Musafir is learnt to have been detained after he was suddenly asked by the cops of Narmada district to accompany them during a dinner at someone’s residence on June 6 evening, saying their officer wanted to talk to him. He was brought to Jitnagar, Rajpipala, in the district. On Thursday, according to unconfirmed sources, he was sent to Rajpipla sub-jail.

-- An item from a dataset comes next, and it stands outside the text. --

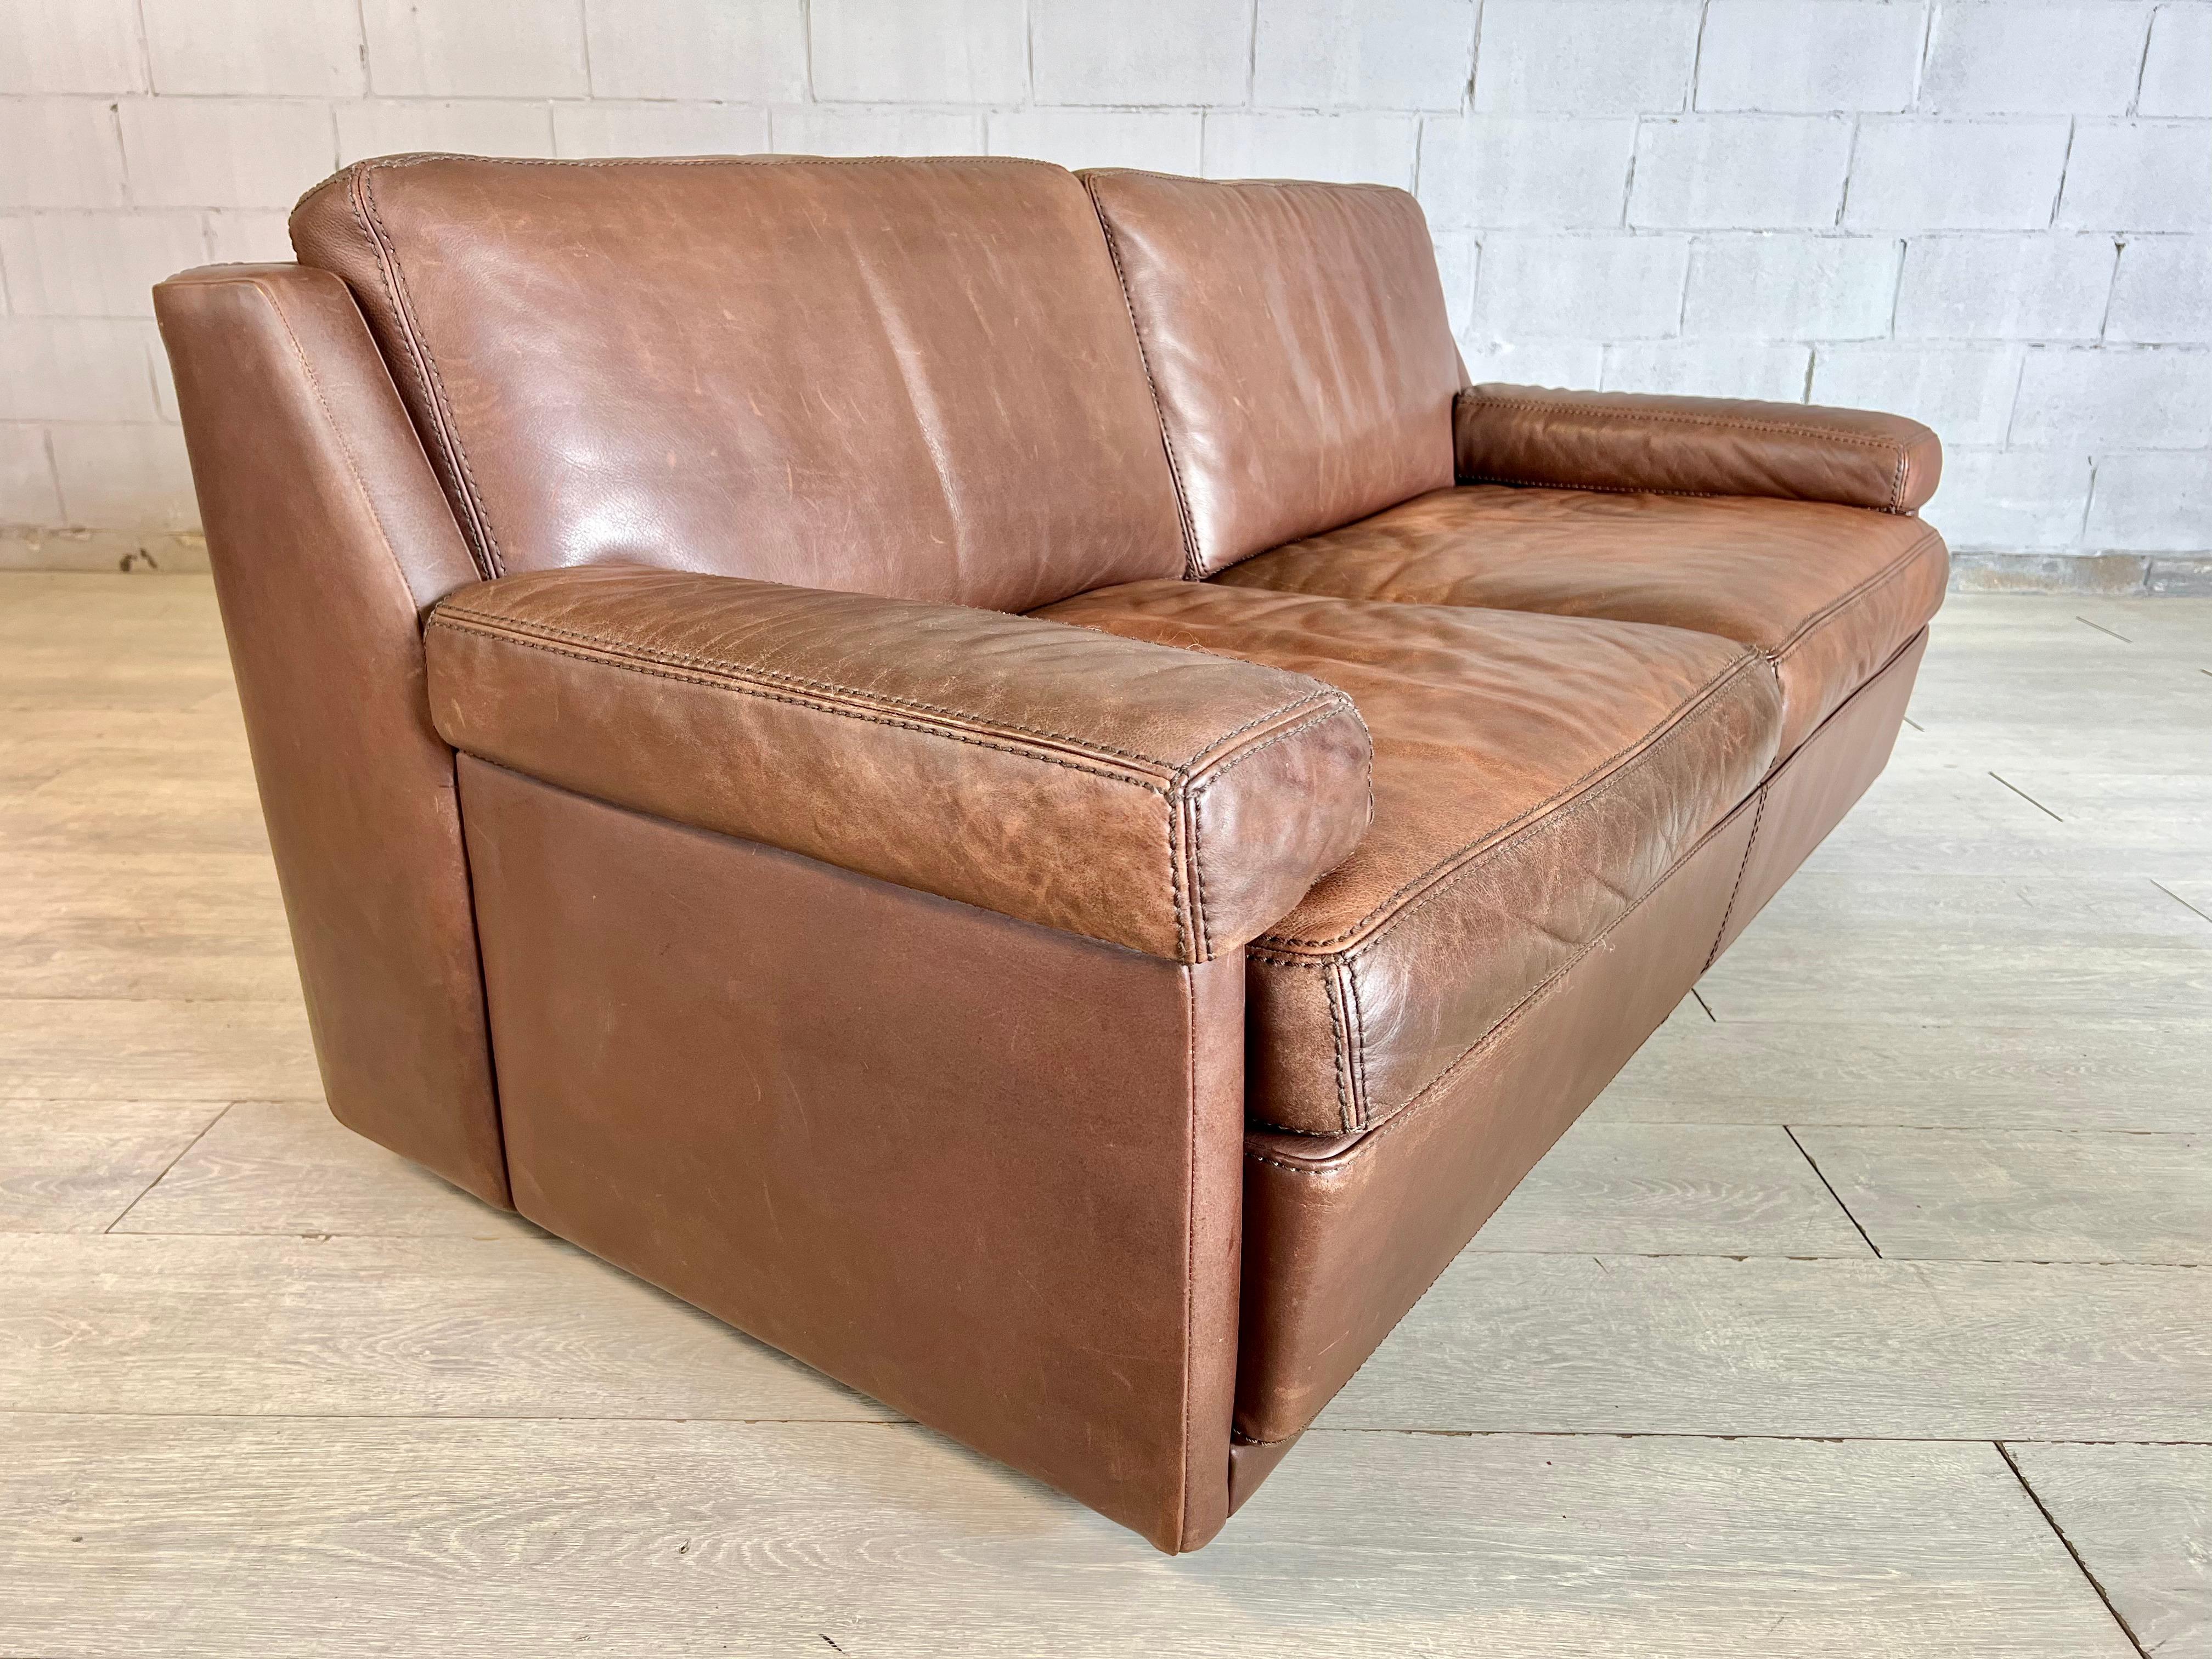 Original Vintage Modern Cognac Leather Sofa by Durlet, Belgium, 1970s For Sale 3

Seeking “immediate release Lakhan Musafir, illegally detained by Gujarat police”, NBA in a detailed statement has said, following the arrest of Patkar and other activists, the Gujarat police “turned violent and detained all the protestors, dragged women protesters, beaten up two children Kaamil and Hasim of Salsabeel Green School studying in 9th and 8th standard.”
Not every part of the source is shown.